INPUT DATA
____

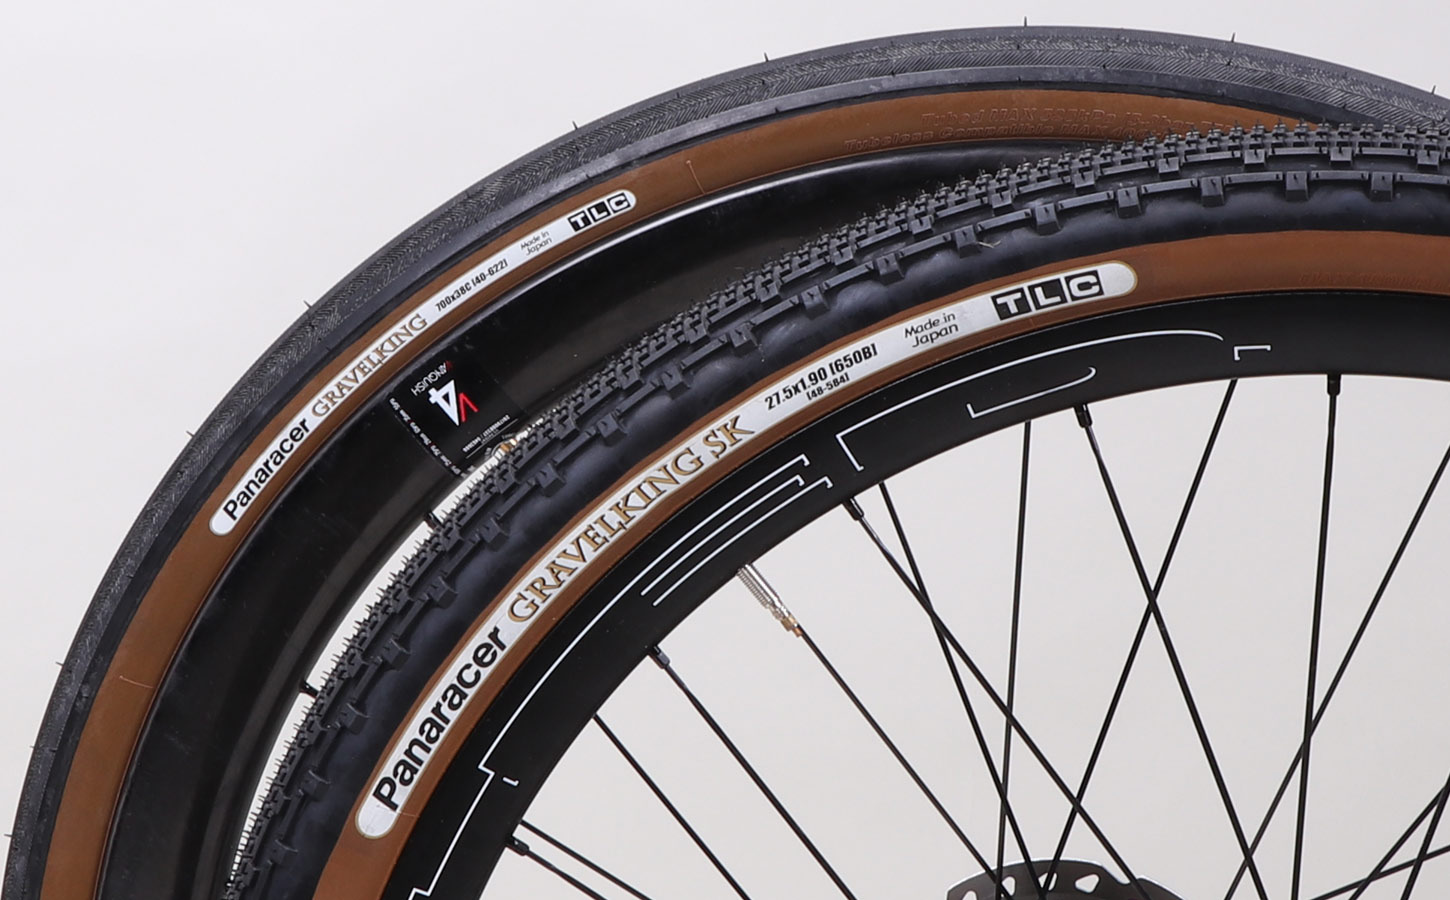 All T-5 All-Road/All-Race frames accommodate both 650b and 700c tires.
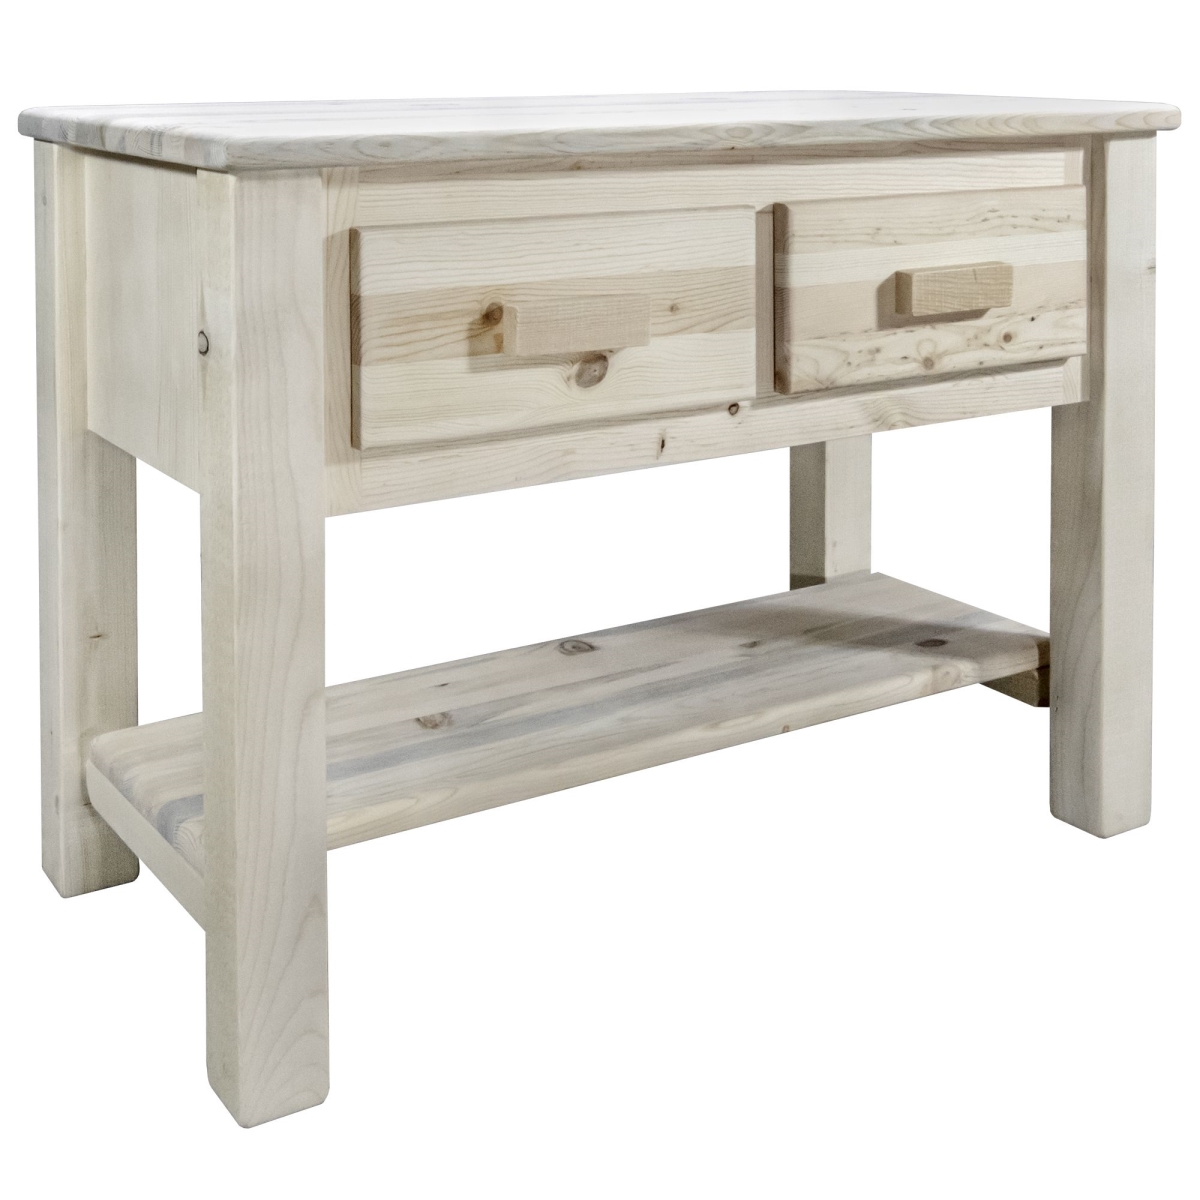 Mwhccontblw2dr Homestead Collection Console Table With 2 Drawers - 5.5 X 11.75 X 10.5 In.
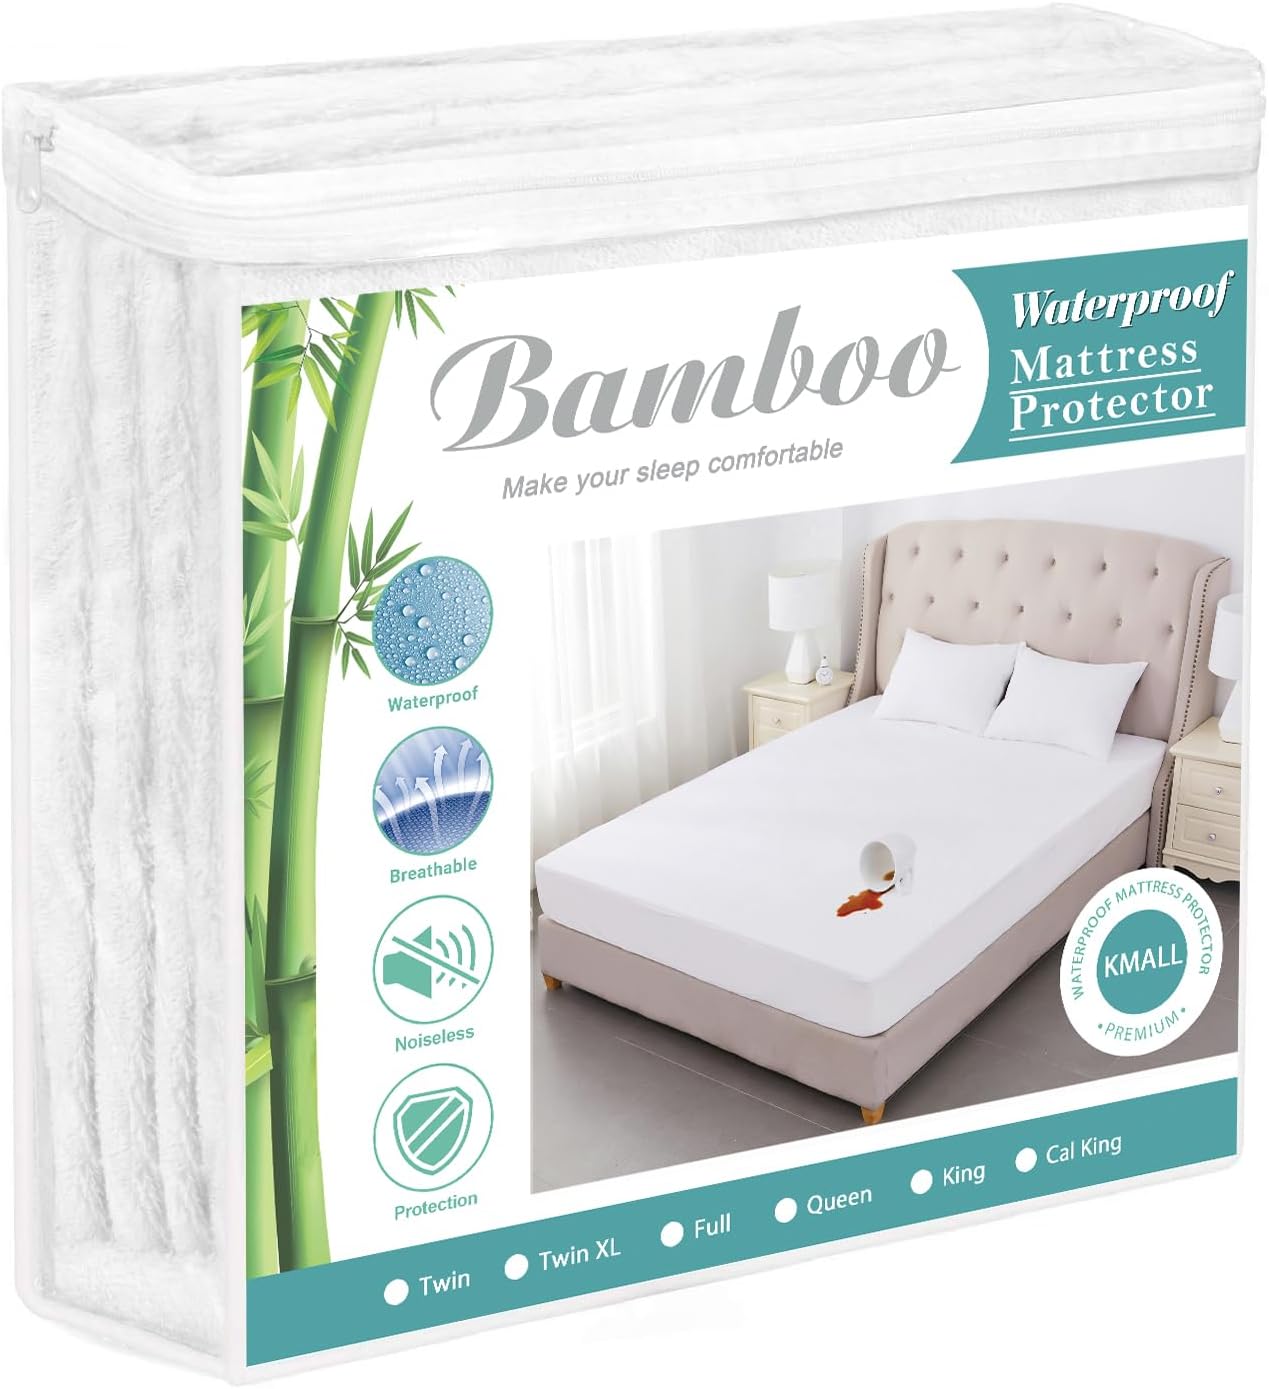 This King Size Cooling Waterproof Mattress Protector is like the superhero of my bed! It' so amazing; it' practically the Batman of bedding accessories. I mean, it' waterproof, so it' like having a forcefield against spills and accidents. My bed has turned into a fortress, impervious to all liquids! And the bamboo terry top It' like the red carpet for my sleep! It' so comfy; I'm half expecting it to ask for my autograph. Plus, it' noiseless, so I can wrestle with my arch-nemesis, Mrs.

____

WHAT IS BEING ASKED
Write out the data above precisely. Pictures stay out.

ANSWER TO THIS EXERCISE
 All T-5 All-Road/All-Race frames accommodate both 650b and 700c tires.
 Mwhccontblw2dr Homestead Collection Console Table With 2 Drawers - 5.5 X 11.75 X 10.5 In.
 This King Size Cooling Waterproof Mattress Protector is like the superhero of my bed! It' so amazing; it' practically the Batman of bedding accessories. I mean, it' waterproof, so it' like having a forcefield against spills and accidents. My bed has turned into a fortress, impervious to all liquids! And the bamboo terry top It' like the red carpet for my sleep! It' so comfy; I'm half expecting it to ask for my autograph. Plus, it' noiseless, so I can wrestle with my arch-nemesis, Mrs.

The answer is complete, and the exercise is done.